W8 Hierachical RL Flashcards

Question 1

Q

1) Why can hierarchical reinforcement learning (HRL) be faster?
2) Why can hierarchical reinforcement learning be slower?

Answer

A

1) HRL simplifies problems through abstraction, the temporal abstractions increase sample efficiency
2) domain knowledge needs to be available, algorithmic complexity cost time, marco-actions

Question 2

Q

Why may hierarchical reinforcement learning give an answer of lesser quality?

Answer

A

The macro-actions may skip over possible shorter routes, that the primitive actions would have found.

Question 3

Q

Is hierachical reinforcement more general or less general?

Answer

A

More general
subtasks reduce brittleness due to overspecialization of policies.
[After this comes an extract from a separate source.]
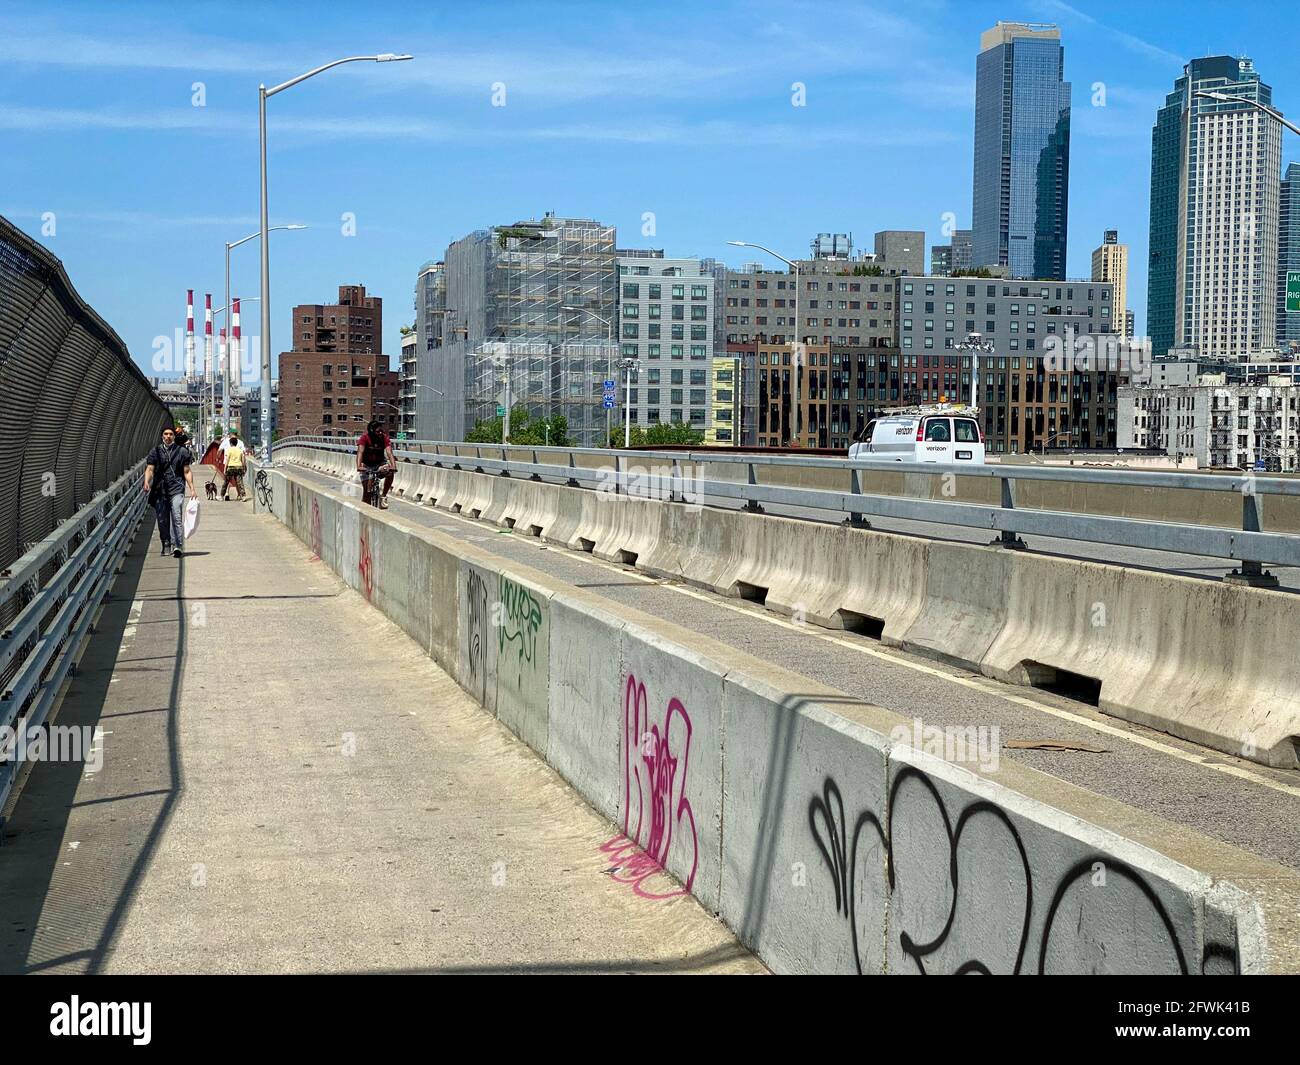 Brooklyn, NY, USA - May 23, 2021: Concrete barriers separating pedestrians, bicyclists and vehicular traffic on Pulaski Bridge Stock Photo
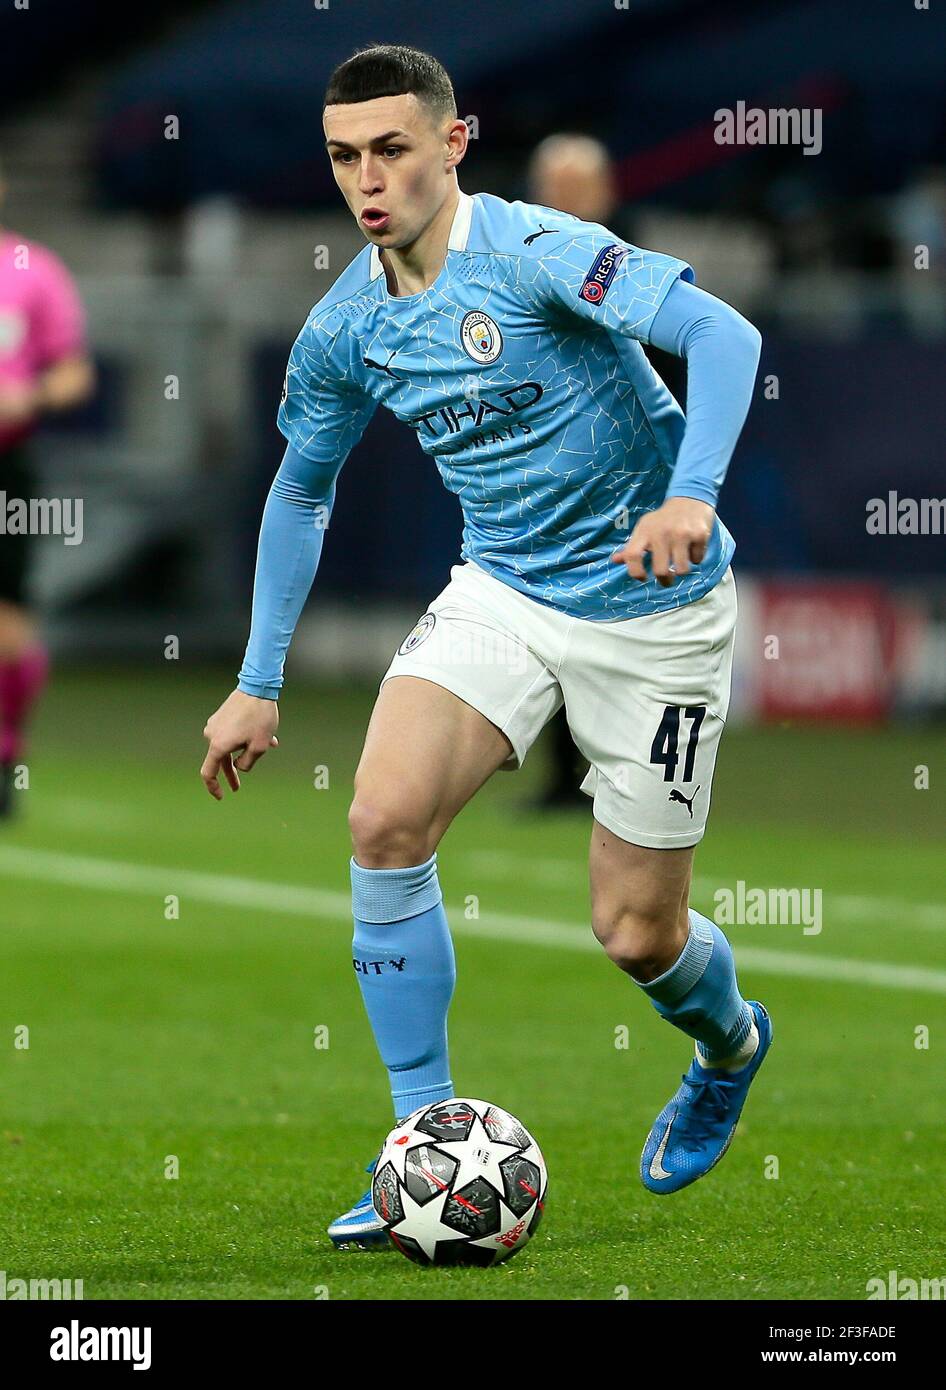 Manchester City's Phil Foden in action during the Champions League round of 16 second leg match at Puskas Arena, Budapest. Picture date: Tuesday March 16, 2021. Stock Photo

Policies become more general, and are able to adapt to changes in the environment more easily.

Question 4

Q

What is the options framework?

Answer

A

Whenever a state is reached that is a subgoal, then, apart from following a primitive action (main policy), you can follow the option policy, a macro action consisting of a different subpolicy specially aimed at satisfying the subgoal in one large step. In this way macros are incorporated into the reinforcement learning framework.

Question 5

Q

What is an option?

Answer

A

An option is a group of actions with a termination
condition.
Options take in environment observations and output actions until a termination condition is met.

Question 6

Q

What are the three elements that an option consists of?

Answer

A

The initiation set 𝐼 ⊆ 𝑆 are the states that the option can start from
The subpolicy 𝜋 : 𝑆 × 𝐴 → [0, 1] internal to this particular option
The termination condition 𝛽 : 𝑆 → [0, 1] tells us if 𝜔 terminates in 𝑠

Question 7

Q

What is a macro?

Answer

A

Macros are combinations of primitive actions, and their use can greatly improve the performance of the policy.

Question 8

Q

What is intrinsic motivation?

Answer

A

An inner drive to explore.
Named so to contrast it with classic extrinsic motivation (the conventional RL reward signal).
Often related to model curiosity.

Question 9

Q

what are the three elements of an option 𝜔?

Answer

A

initialization set I_𝜔: the states that the option can start from
subpolicy 𝜋𝜔 (𝑎|𝑠): internal to this particular option
terminal condition 𝛽𝜔 (𝑠): tells us if 𝜔 terminates in s

Question 10

Q

How do multi agent and hierarchical reinforcement learning fit together?

Answer

A

agents often work together in teams or other hierarchical structure

Question 11

Q

What is so special about Montezuma’s Revenge?

Answer

A

The reward signal is little. The agent needs to walk without the reward changing

W8 Hierachical RL Flashcards

(11 cards)